Dataset content:
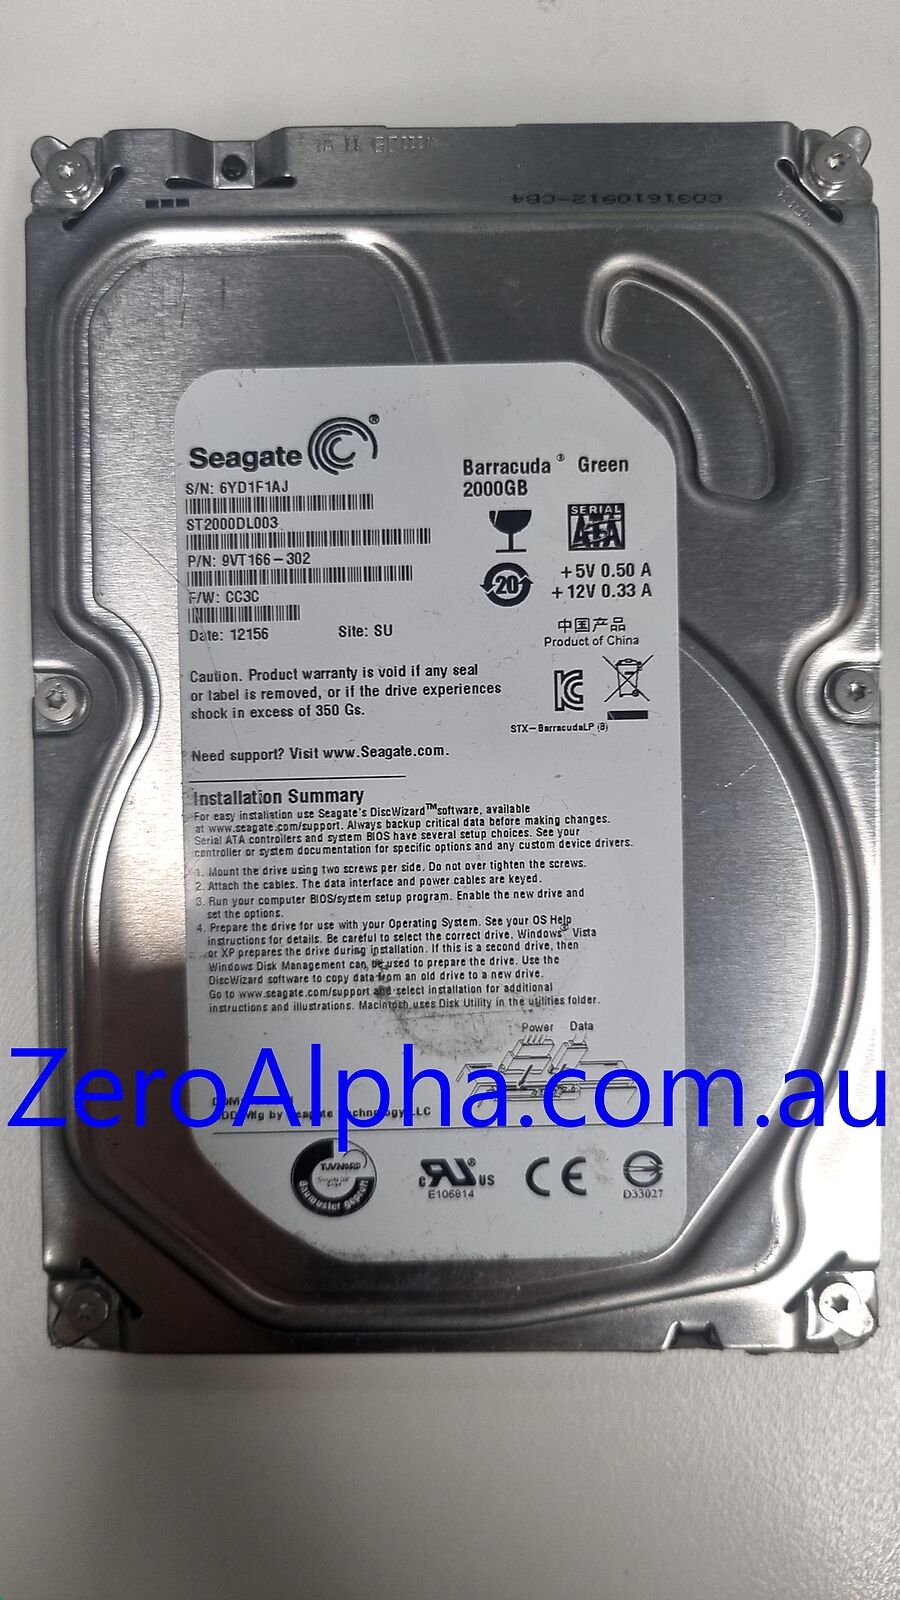 ST2000DL003, 9VT166-302, CC3C, SU, 6YD1 Seagate Data Recovery Donor Hard Drive
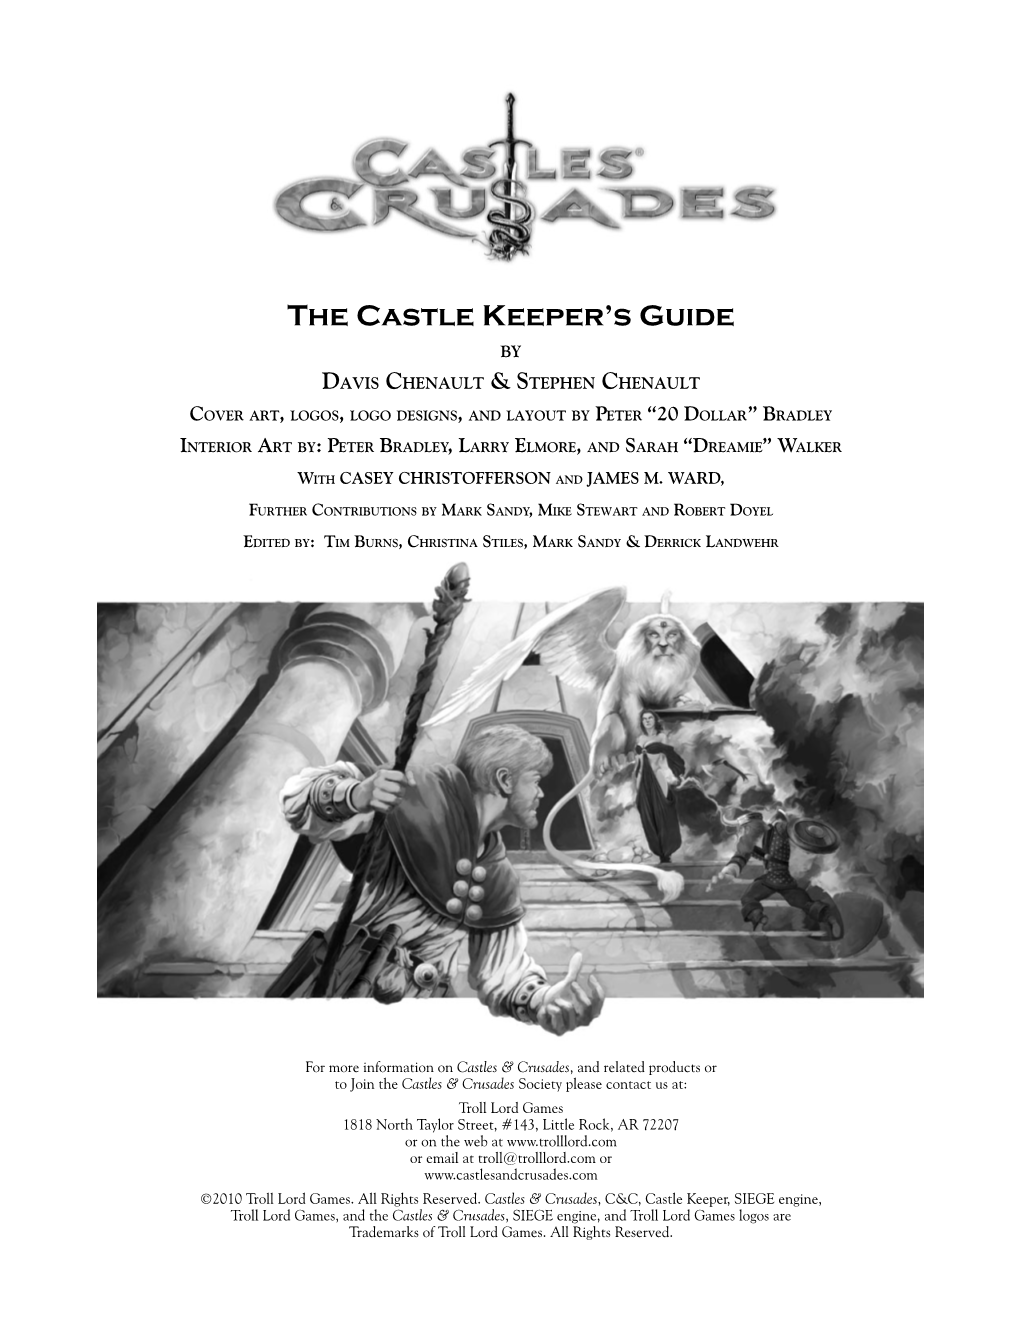 The Castle Keeper's Guide
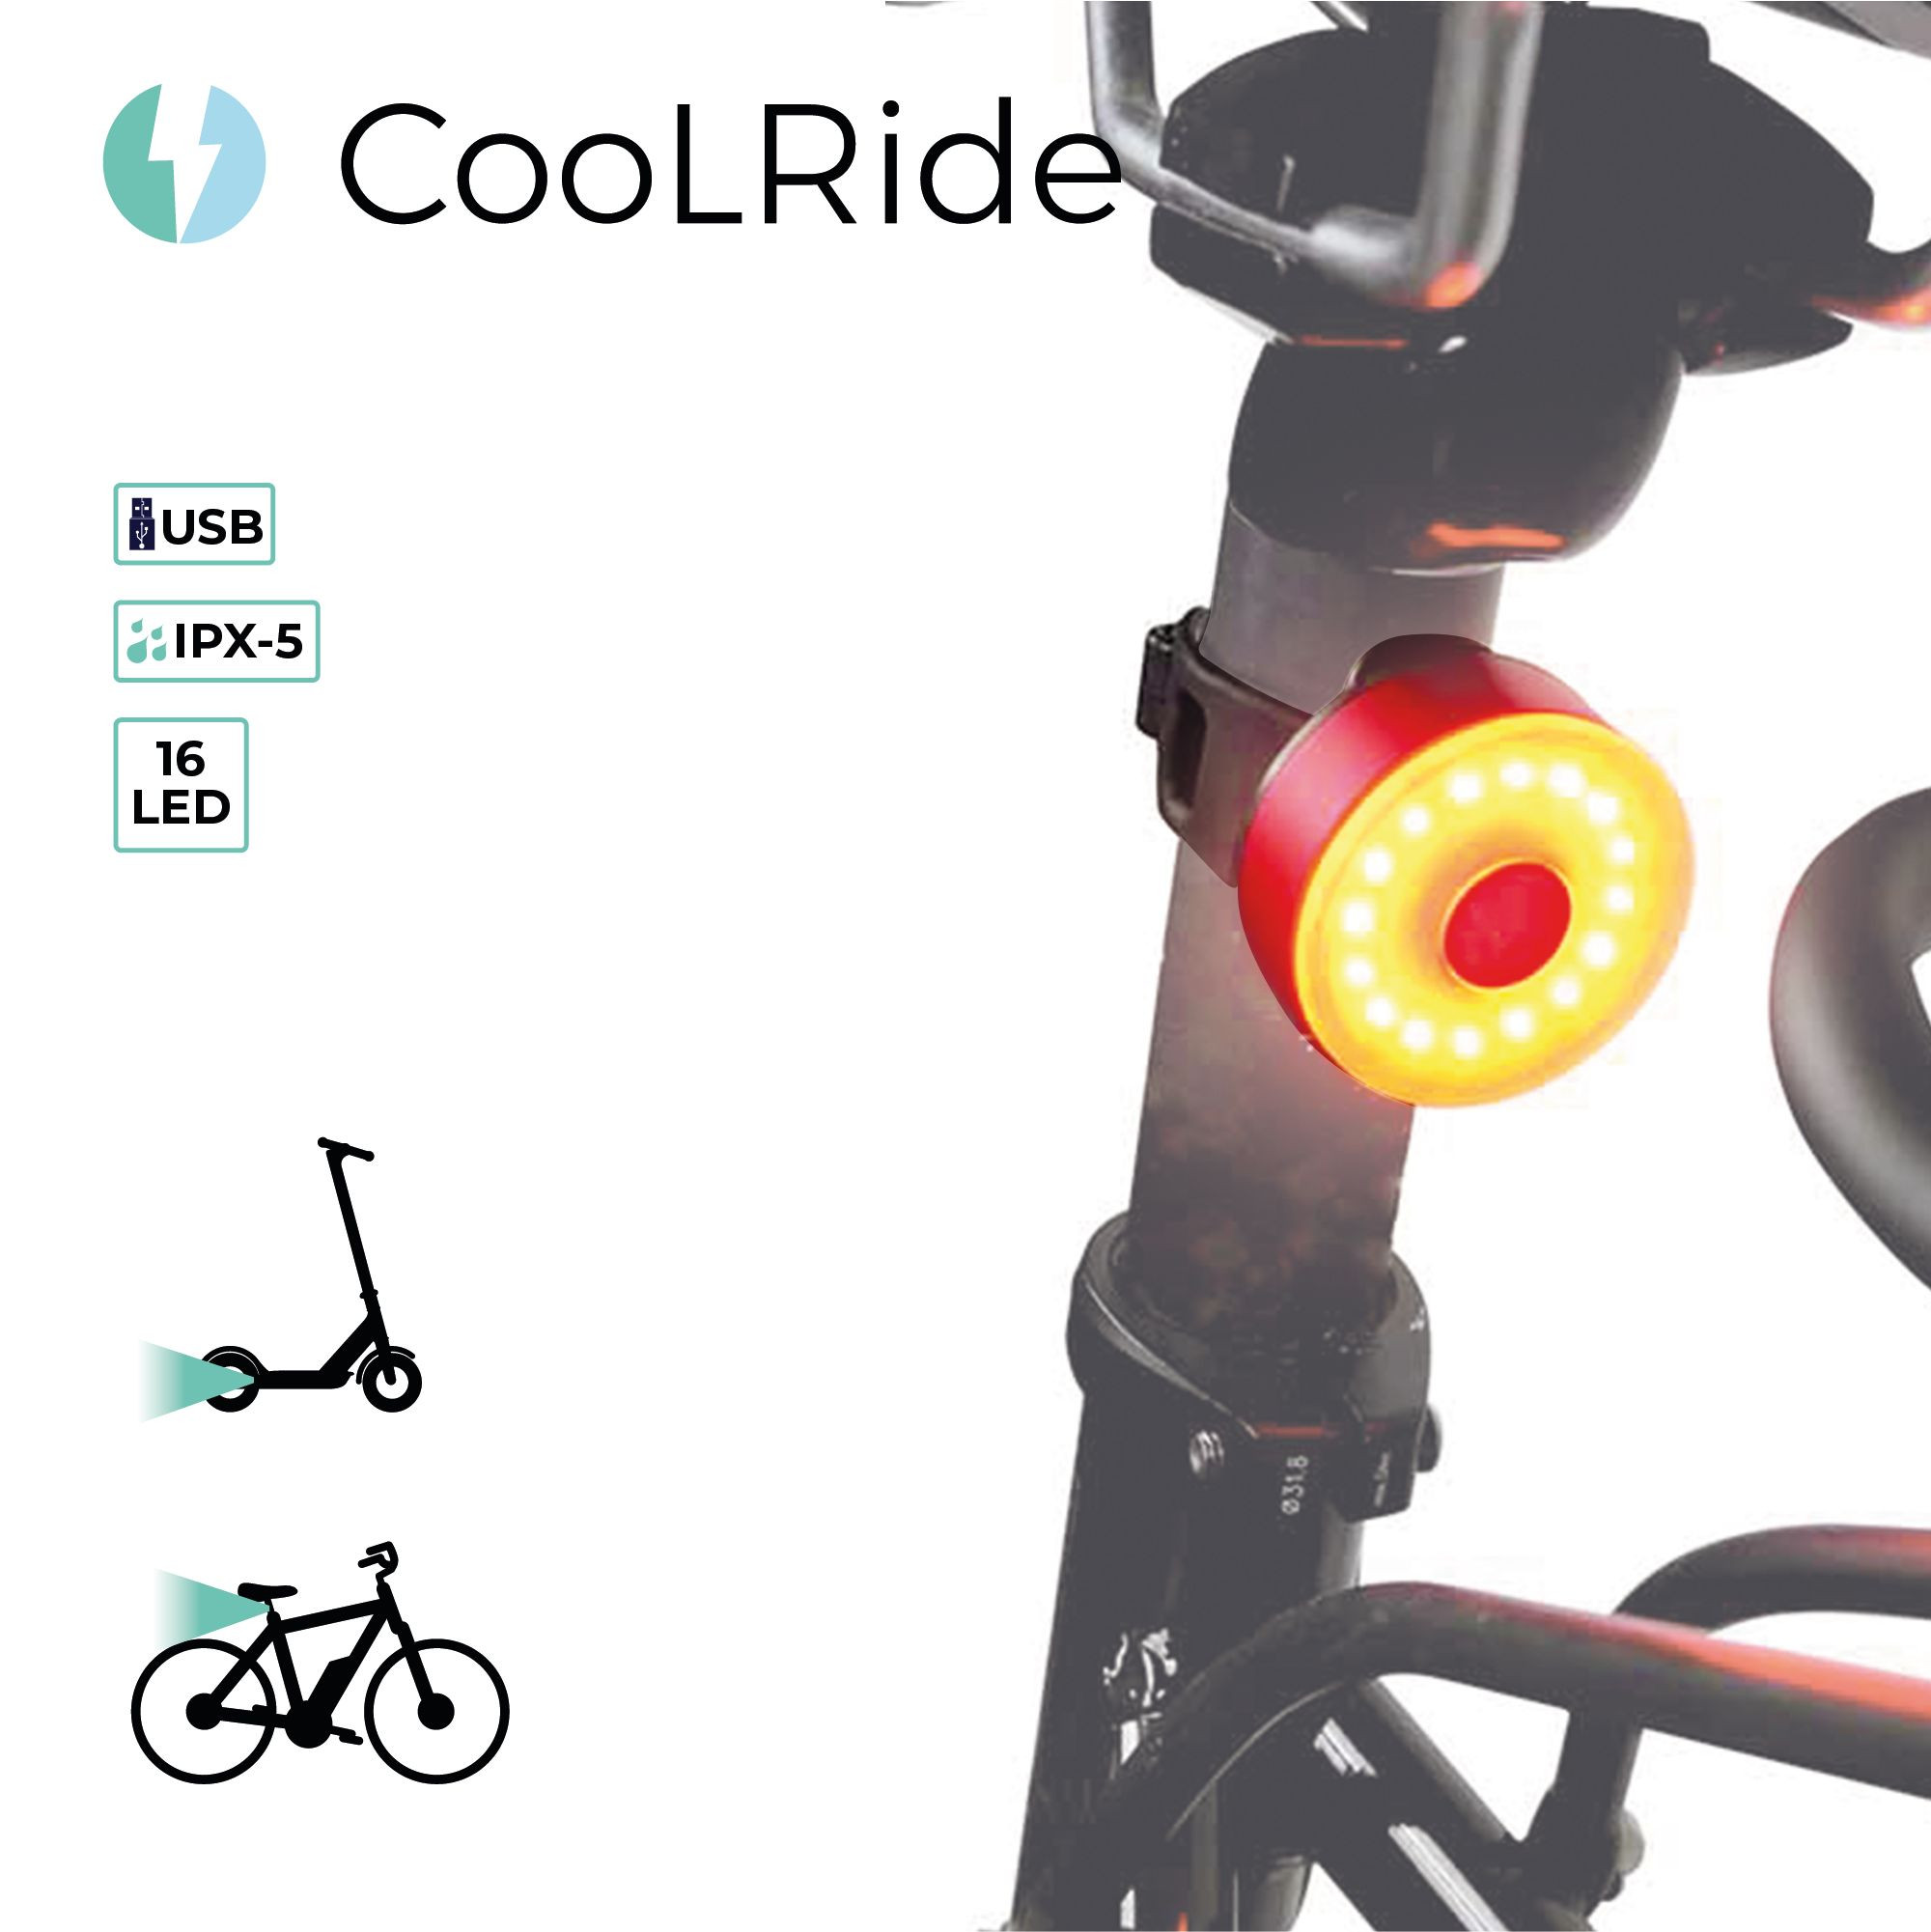 Cool ride ECLAIRAGE MULTI-USAGES RECHARGEABLE USB

What the exercise asks:
Give back the data exactly. Skip any images.

Answer:
 ST2000DL003, 9VT166-302, CC3C, SU, 6YD1 Seagate Data Recovery Donor Hard Drive
 The Castle Keeper's Guide
 Cool ride ECLAIRAGE MULTI-USAGES RECHARGEABLE USB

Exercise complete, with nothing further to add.